The increasing demand from regulatory bodies for the characterisation of tobacco and tobacco smoke products creates a need to generate reliable results in short time frames.

A multi-compound method for the quantification of volatile organic compounds (VOC), selected carbonyls, hydrogen cyanide and further volatile organic compounds mentioned in the harmful and potentially harmful constituents (HPHC) list published by the United States Food and Drug Administration (FDA) and in the gas phase of cigarette smoke was developed and presented during the CORESTA Congress and Joint Study Groups Meeting in 2010 and 2013 [SSPT 11, CORESTA 2010; SSPT 29, CORESTA 2013]. It was concluded that results obtained by the multi-compound method and other alternative methods were at comparable concentration levels [SSPT 11, CORESTA 2010].

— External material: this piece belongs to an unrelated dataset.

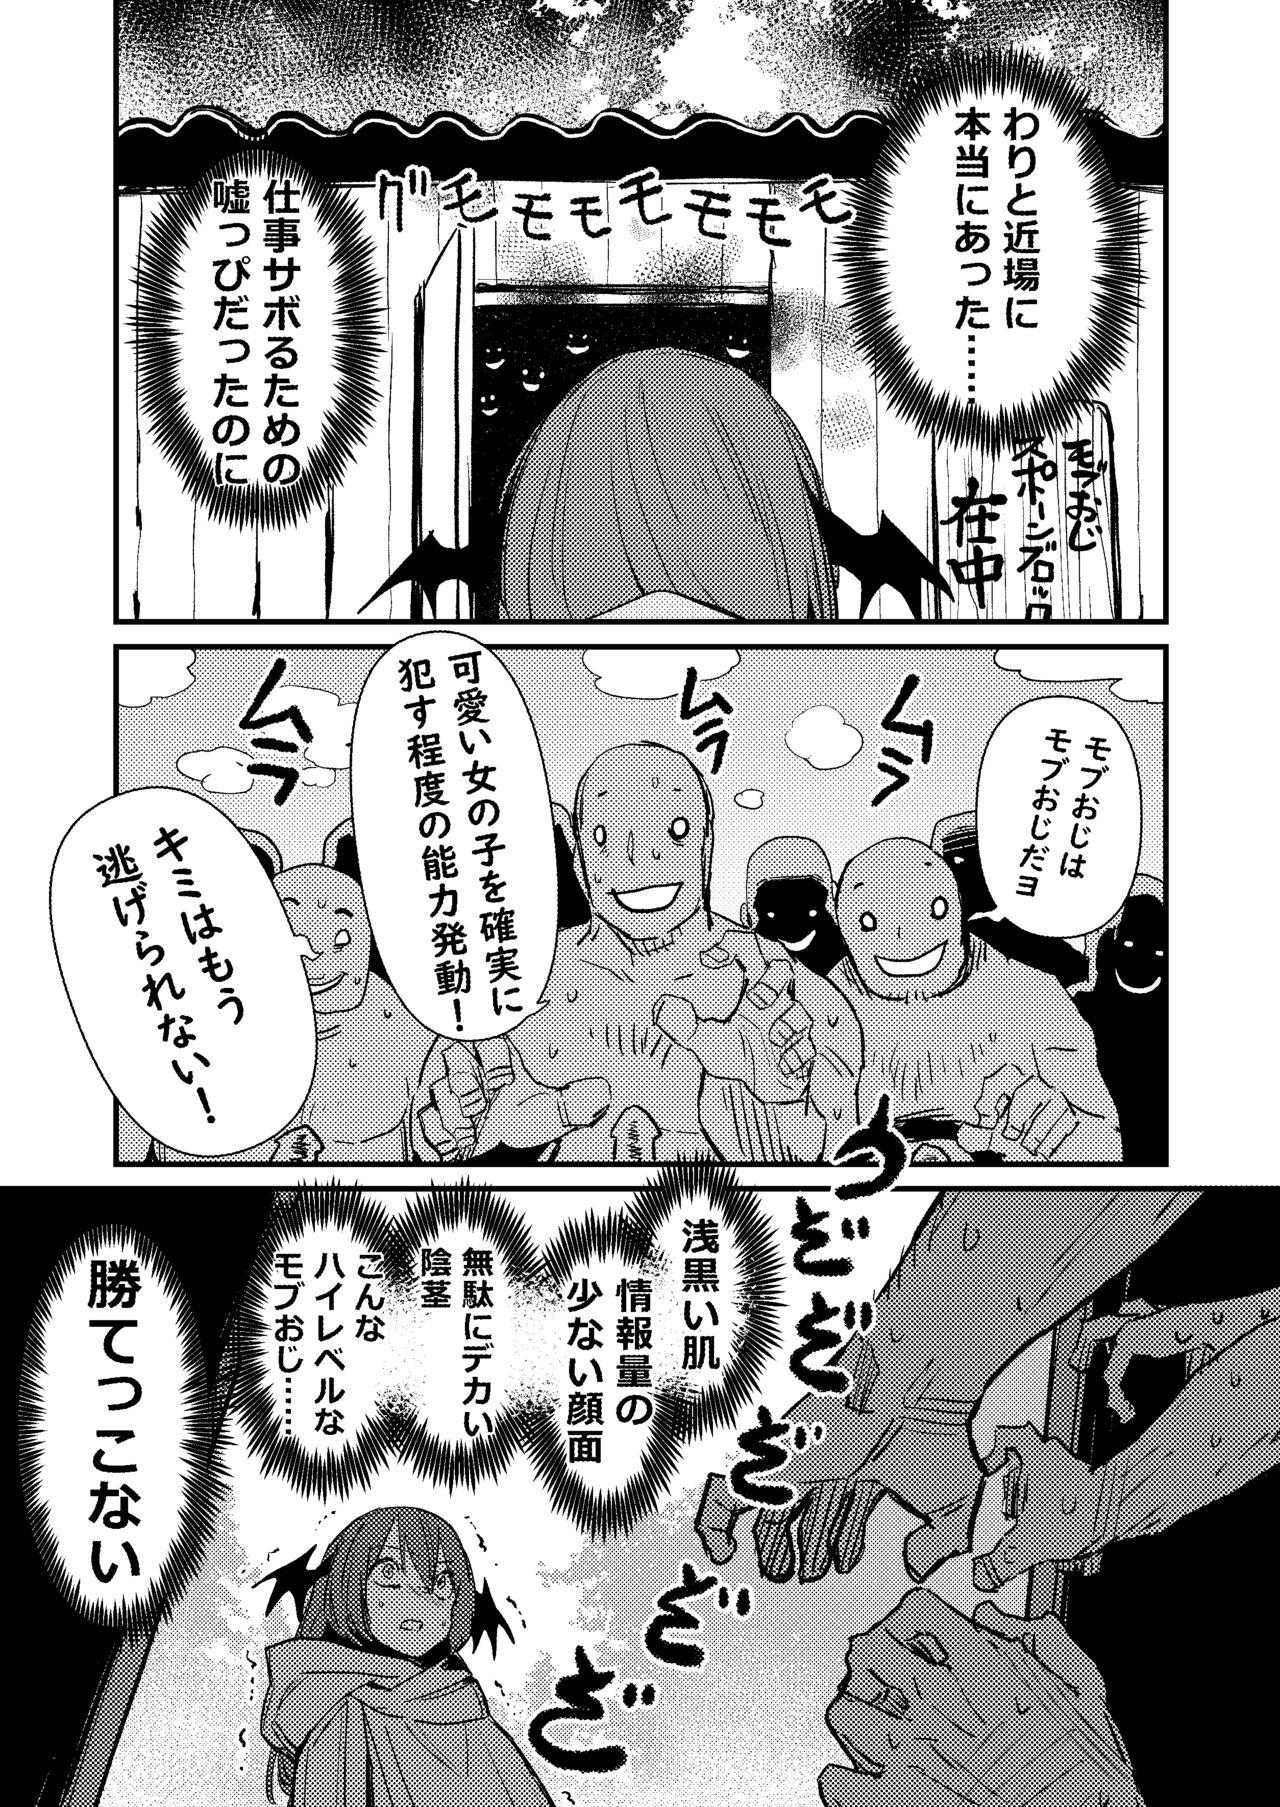 Affair Koakuma/18+/Manga/8p - Touhou project Novinho - Page 3
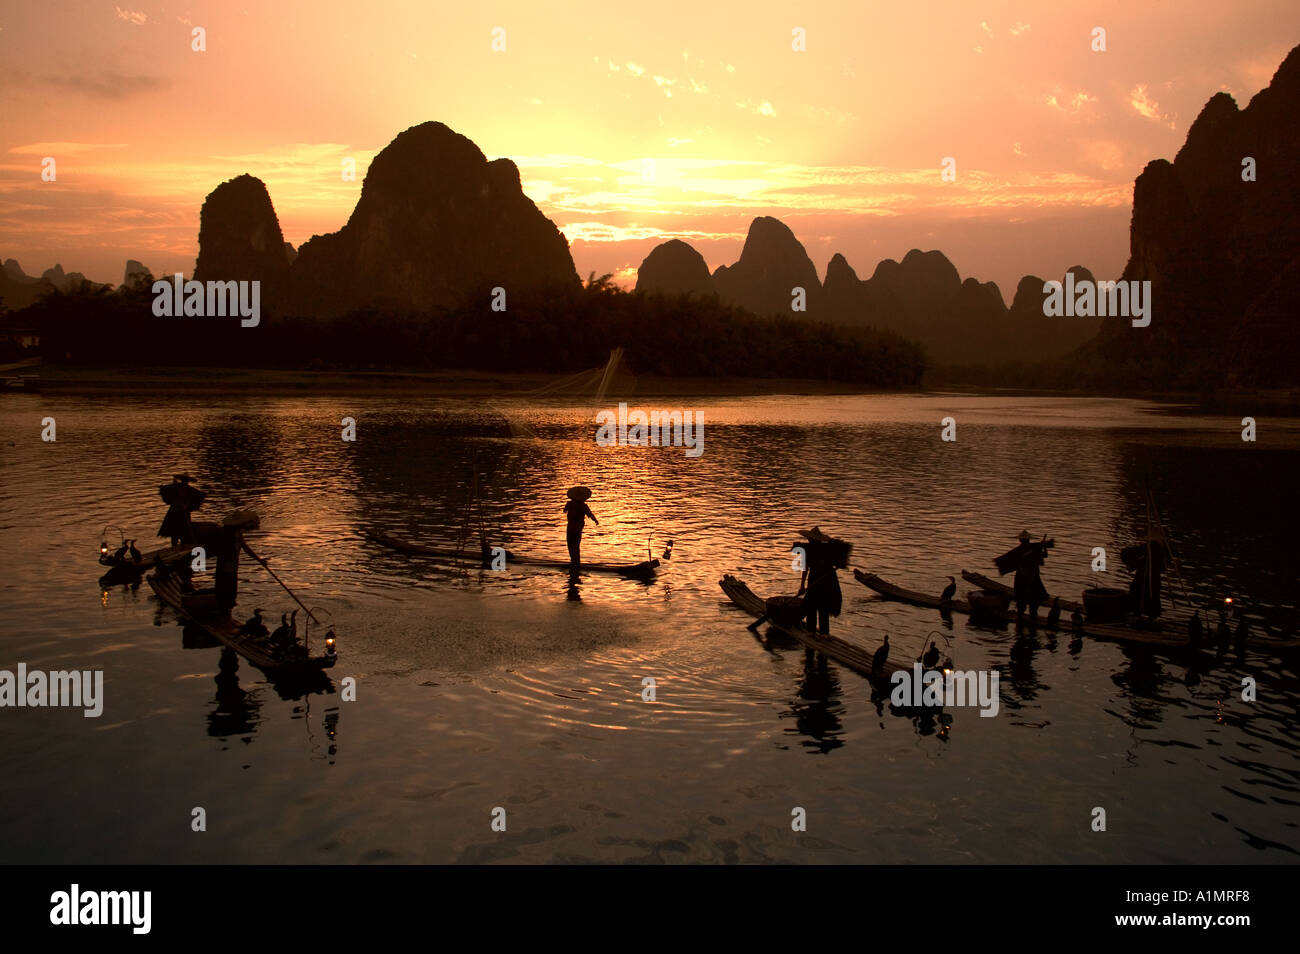 Fishermen on bamboo rafts on Li River at sunset Guangxi Province China Stock Photo

Here an extended and fully validated method is presented which covers 20 volatile organic compounds, such as isoprene, toluene, benzene, butadiene, acrylonitrile, acetone, acrolein, acetaldehyde, hydrogen cyanide, ethyl benzene, furan, vinyl chloride, vinyl acetate, ethylene oxide, and propylene oxide, methanol, acetonitrile, nitromethane, 2-nitropropane, and styrene in cigarette smoke. This method is based on the same collection as previously described for the determination of selected volatile Hoffmann Analytes, but features a different chromatography system [SSPT 29, CORESTA 2013]. Calculation of results was carried out using different deuterated internal standards.

During the method development, the reactivity of volatile compounds in a gas matrix and their stability in the gas phase of cigarette smoke were carefully investigated.

In this poster, detailed information and observation obtained during the method development and validation, e.g. impact of different gas bag materials, stability of calibration standards over a longer time period, and the influence of different internal standards on data evaluation, will be presented.